Scan each line of the records for the word "American" and extract the ones that have it.

╭─ Data

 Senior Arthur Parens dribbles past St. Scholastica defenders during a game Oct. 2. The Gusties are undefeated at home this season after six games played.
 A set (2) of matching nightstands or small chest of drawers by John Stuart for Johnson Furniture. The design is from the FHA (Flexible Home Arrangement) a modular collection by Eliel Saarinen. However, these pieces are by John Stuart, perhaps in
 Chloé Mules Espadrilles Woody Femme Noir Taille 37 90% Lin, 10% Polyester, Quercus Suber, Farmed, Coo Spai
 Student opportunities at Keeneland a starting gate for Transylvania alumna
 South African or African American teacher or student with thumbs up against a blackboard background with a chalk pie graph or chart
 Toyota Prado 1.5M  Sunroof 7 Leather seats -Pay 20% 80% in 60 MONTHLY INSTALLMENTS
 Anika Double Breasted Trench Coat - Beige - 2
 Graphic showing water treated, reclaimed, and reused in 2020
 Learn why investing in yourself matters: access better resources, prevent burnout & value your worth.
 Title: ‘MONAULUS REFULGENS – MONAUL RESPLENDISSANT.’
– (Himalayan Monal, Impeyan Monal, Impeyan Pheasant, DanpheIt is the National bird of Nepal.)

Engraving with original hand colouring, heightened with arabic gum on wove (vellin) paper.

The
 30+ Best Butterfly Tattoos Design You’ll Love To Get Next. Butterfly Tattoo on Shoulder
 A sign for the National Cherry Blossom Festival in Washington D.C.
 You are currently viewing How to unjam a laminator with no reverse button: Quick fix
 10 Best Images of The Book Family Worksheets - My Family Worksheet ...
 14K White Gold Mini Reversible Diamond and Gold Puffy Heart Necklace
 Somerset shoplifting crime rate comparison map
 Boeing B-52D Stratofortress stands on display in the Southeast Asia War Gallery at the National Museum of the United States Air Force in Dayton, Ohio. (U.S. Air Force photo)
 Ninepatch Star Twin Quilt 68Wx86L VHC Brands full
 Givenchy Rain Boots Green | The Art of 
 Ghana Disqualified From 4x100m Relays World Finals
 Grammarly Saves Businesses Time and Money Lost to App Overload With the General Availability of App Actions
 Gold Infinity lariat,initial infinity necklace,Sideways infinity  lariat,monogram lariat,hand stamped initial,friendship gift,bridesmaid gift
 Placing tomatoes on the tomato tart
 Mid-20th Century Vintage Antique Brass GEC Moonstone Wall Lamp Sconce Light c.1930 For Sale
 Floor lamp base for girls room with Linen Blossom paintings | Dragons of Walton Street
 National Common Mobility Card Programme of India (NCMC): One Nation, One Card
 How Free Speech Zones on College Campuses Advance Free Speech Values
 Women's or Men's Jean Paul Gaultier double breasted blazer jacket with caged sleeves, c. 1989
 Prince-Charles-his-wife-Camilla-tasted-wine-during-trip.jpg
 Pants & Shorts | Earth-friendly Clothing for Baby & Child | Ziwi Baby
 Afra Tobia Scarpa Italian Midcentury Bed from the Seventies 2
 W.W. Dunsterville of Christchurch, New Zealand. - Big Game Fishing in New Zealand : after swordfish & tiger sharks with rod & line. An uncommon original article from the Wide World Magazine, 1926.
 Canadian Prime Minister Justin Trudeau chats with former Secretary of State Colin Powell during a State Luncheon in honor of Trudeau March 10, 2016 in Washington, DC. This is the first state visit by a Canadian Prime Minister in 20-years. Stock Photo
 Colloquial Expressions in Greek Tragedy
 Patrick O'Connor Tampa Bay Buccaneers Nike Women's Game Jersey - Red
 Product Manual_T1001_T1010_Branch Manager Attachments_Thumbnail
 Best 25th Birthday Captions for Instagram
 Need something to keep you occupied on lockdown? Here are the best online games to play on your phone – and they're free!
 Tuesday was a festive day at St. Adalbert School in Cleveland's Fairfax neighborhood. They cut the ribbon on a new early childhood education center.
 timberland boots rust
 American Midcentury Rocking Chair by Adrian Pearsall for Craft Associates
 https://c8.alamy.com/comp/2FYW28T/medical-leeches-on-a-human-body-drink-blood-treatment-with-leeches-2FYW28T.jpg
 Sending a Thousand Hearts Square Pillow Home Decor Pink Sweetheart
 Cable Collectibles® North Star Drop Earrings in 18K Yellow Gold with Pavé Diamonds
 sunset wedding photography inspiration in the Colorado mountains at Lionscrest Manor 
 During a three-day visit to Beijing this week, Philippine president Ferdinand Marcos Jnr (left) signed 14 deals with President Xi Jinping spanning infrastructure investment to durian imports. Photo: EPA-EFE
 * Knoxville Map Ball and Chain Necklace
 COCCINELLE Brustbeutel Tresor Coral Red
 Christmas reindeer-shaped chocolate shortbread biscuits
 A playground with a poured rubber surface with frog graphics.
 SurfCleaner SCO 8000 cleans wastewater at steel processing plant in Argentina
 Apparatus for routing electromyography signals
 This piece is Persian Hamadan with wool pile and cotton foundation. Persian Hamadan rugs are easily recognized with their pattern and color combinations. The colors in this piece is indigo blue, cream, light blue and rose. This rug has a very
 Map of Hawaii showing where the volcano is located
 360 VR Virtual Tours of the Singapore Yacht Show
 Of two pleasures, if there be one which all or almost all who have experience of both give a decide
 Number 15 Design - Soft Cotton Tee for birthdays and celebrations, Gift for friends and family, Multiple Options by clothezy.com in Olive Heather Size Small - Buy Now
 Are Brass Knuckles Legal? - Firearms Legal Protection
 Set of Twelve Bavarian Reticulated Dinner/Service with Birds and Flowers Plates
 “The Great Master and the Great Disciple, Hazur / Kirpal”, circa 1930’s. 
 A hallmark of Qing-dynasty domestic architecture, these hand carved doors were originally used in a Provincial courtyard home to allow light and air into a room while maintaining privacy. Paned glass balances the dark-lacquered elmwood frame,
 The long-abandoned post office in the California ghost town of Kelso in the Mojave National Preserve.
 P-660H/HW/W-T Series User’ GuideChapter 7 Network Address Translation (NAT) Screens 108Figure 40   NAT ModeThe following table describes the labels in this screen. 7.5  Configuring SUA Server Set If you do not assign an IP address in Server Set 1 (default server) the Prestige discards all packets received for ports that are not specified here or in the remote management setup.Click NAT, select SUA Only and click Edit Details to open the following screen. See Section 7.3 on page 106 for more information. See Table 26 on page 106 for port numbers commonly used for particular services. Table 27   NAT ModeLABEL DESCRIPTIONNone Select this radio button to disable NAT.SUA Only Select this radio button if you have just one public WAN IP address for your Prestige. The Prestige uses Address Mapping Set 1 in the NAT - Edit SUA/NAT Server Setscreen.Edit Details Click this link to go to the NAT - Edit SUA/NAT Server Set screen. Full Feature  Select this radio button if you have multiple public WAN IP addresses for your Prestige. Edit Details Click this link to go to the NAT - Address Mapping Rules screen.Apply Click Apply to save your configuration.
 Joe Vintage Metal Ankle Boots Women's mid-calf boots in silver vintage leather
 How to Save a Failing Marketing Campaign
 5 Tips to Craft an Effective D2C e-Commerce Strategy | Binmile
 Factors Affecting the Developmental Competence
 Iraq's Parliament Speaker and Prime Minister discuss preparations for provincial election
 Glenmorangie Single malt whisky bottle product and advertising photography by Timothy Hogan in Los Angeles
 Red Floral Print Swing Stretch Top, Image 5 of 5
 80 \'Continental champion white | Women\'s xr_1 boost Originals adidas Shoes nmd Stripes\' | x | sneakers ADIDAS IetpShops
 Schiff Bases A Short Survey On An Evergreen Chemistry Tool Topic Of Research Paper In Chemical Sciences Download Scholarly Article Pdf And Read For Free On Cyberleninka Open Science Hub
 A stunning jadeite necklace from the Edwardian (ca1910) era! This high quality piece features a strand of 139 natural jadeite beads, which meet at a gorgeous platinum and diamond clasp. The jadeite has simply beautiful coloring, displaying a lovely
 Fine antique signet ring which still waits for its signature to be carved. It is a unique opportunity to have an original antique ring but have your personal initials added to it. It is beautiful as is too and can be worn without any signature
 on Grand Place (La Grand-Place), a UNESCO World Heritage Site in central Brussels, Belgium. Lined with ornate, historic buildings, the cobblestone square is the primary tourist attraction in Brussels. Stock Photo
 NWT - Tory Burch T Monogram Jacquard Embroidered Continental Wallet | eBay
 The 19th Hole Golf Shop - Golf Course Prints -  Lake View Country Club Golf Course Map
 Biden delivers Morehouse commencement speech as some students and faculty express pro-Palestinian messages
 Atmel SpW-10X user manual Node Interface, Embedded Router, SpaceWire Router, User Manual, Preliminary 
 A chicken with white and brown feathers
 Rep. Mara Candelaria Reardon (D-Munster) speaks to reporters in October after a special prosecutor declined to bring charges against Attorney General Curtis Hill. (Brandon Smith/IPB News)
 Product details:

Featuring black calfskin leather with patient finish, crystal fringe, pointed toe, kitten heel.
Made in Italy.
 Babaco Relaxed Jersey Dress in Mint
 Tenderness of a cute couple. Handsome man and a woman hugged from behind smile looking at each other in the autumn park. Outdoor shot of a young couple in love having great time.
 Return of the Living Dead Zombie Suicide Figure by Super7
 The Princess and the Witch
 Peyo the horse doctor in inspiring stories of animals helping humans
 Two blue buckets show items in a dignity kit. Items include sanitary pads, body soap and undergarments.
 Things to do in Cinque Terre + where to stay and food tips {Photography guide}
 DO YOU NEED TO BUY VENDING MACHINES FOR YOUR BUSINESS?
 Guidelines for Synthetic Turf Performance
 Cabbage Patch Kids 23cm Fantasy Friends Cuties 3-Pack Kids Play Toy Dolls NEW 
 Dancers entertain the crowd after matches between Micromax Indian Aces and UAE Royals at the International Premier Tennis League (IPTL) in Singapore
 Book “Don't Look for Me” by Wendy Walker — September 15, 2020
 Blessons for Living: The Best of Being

╰─

● **Solution to the exercise**
 South African or African American teacher or student with thumbs up against a blackboard background with a chalk pie graph or chart
 American Midcentury Rocking Chair by Adrian Pearsall for Craft Associates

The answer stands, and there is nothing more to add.